Developers can use the Java ME client SDK to build applications for the MEP. It enables bi-directional data synchronization via an API called the Mobile Client Business Object API (MCBO).
While it is not difficult to see why Sun has decided to join in the mobile enterprise market at this time - it's hip and cool thanks to Apple's iPhone - it is hard to see quite who will pick up on MEP when there are already established candidates serving strong, existing user bases - or "seats".
In addition to Sybase, which claims ten million SQL Anywhere seats, and IBM's more than 120 million Lotus Notes seats, there's Microsoft's Mobile Client Software Factory to build business applications on Windows Mobile that talk to back-end systems over a network, and - yes - the internet's number-one search company Google is getting in on the act with its OneBox to trawl enterprise information via your Google search appliance.
As ever, Sun is putting its middleware out there in the hopes downloading it will be the first phase in a cycle that leads to development, use and support. Sun's got the credentials among telcos with Solaris and its identity and directory server software. The challenge lies in convincing people they need MEP to hook up enterprise applications rather than using middleware from those ISVs who provide applications or are already connecting them.®
COMMENTS
RE: to Matt Bryant -- "free" does not equate to "problem" from an Open Systems Vendor
Don't put any effort toward Matt. Your conclusion that Matt's statement is "poorly reasoned" misses the fact that Matt does not use reason. Matt uses bias. Bias against Sun and any other solution that Matt does not understand.
To Matt Bryant - Incorrect limitations of iPhone
Matt Bryant suggests, "without the limitations of the iBone (no remote wipe, no encryption)"
You spelled iPhone incorrectly.
You are also incorrect concerning Apple including Remote Wipe in their iPhone.
http://www.apple.com/iphone/enterprise/
"Features include: ... Remote wipe"
As a side note about encryption - Apple has included encryption capabilities
http://www.apple.com/iphone/enterprise/integration.html
"Built into every iPhone is a robust VPN client that supports Cisco IPSec, L2TP over IPSec, and PPTP and is intuitive to configure."
It seems the supporting details you posted are faulty.
to Matt Bryant -- "free" does not equate to "problem" from an Open Systems Vendor
Matt Bryant suggests, "a better solution than Sun has cobbled together.
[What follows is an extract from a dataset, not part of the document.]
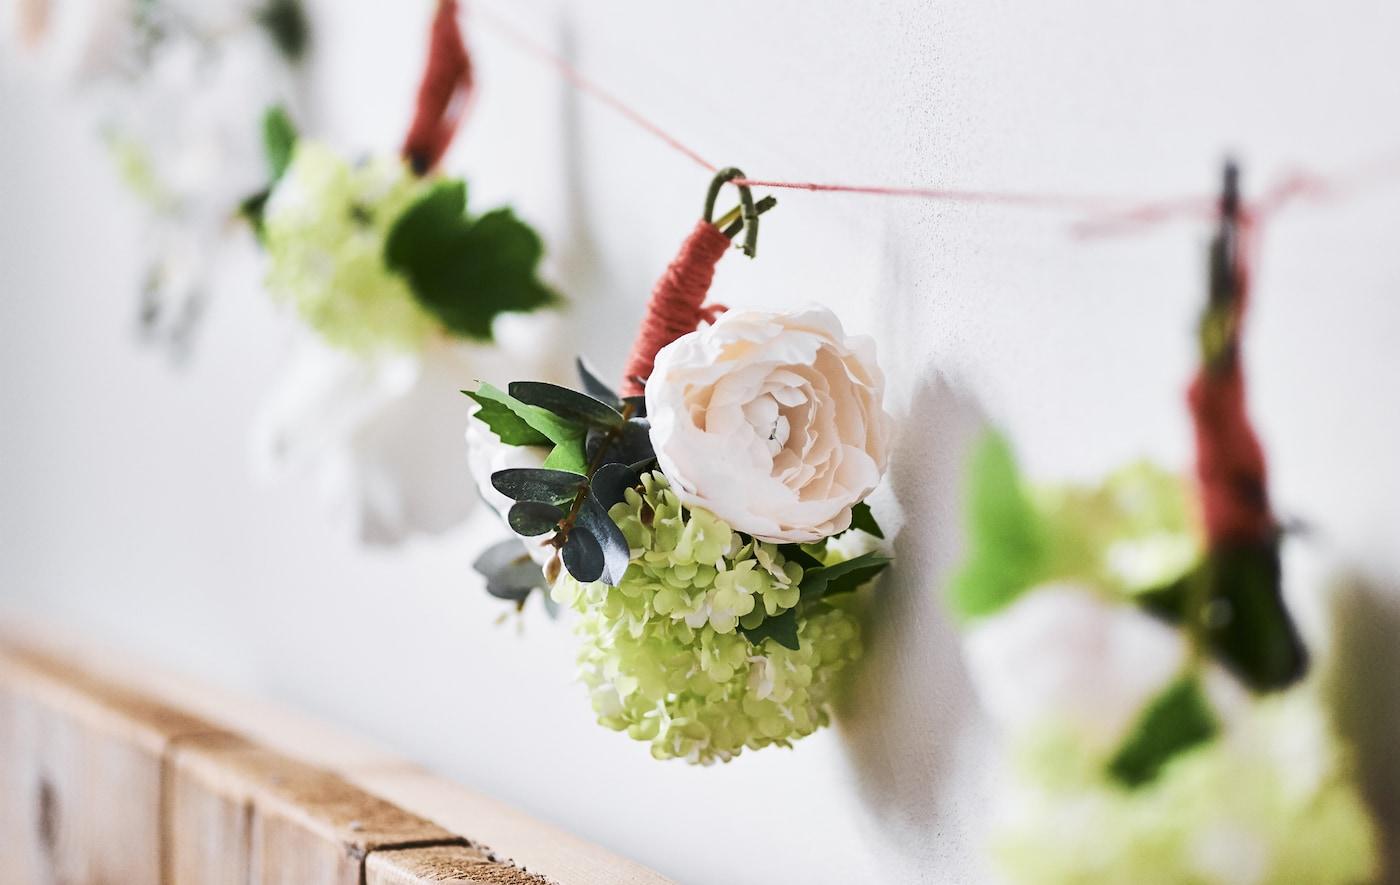 صورة مقربة لإكليل زهور على حائط أبيض.

This is shown clearly by the fact that Sun is releasing their 'solution' for 'free', as they know how far behind the game they are."
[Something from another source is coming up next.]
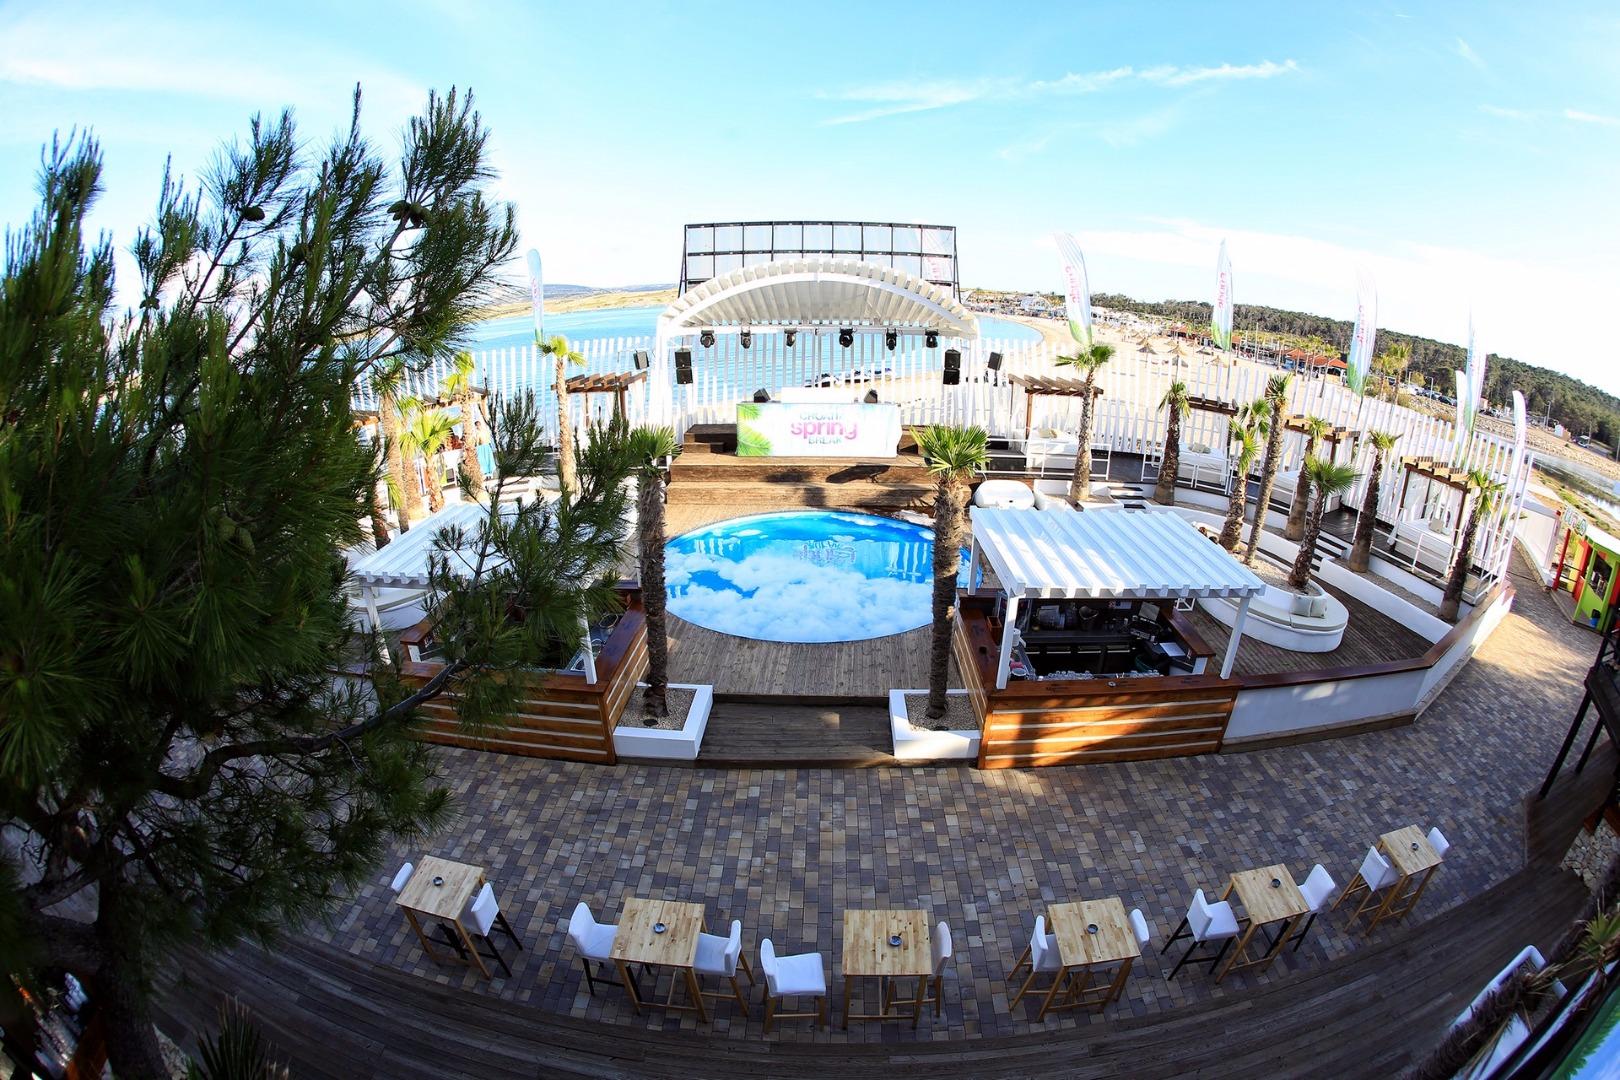 Kalypso Club Zrce Beach - Croatia Spring Break

I wonder if this individual had considered that SUN had been an Open System vendor (building around freely available standards & offering freely available specifications to standards) from it's founding days and has been open-sourcing everything in recent history: from CPU (highest throughput single socket and dual socket performance) to Firmware (leveraged by alternative vendors) to OS (Solaris considered an excellent platform by the industry) to virtualization (Xen code shipped by multiple vendors and now by SUN) to desktop environment (from their days when they moved from Sunview to X Windows) to Middleware (JAVA is used as the basis for multiple vendor applications and middleware layers) to Applications (OpenOffice is leveraged by the millions of users)?
Considering this company has always been an Open Systems Vendor, from their very first days - any comment suggesting that they are releasing a product for "free" because of some unspecified "problem" demonstrates a poor understanding of the company, it's history, and the continual demonstration of their committment to Open Systems.
Such a rhetorical conclusion is not worth it's weight in virtual ink, casting any statement offered earlier in the light of most likely being poorly reasoned.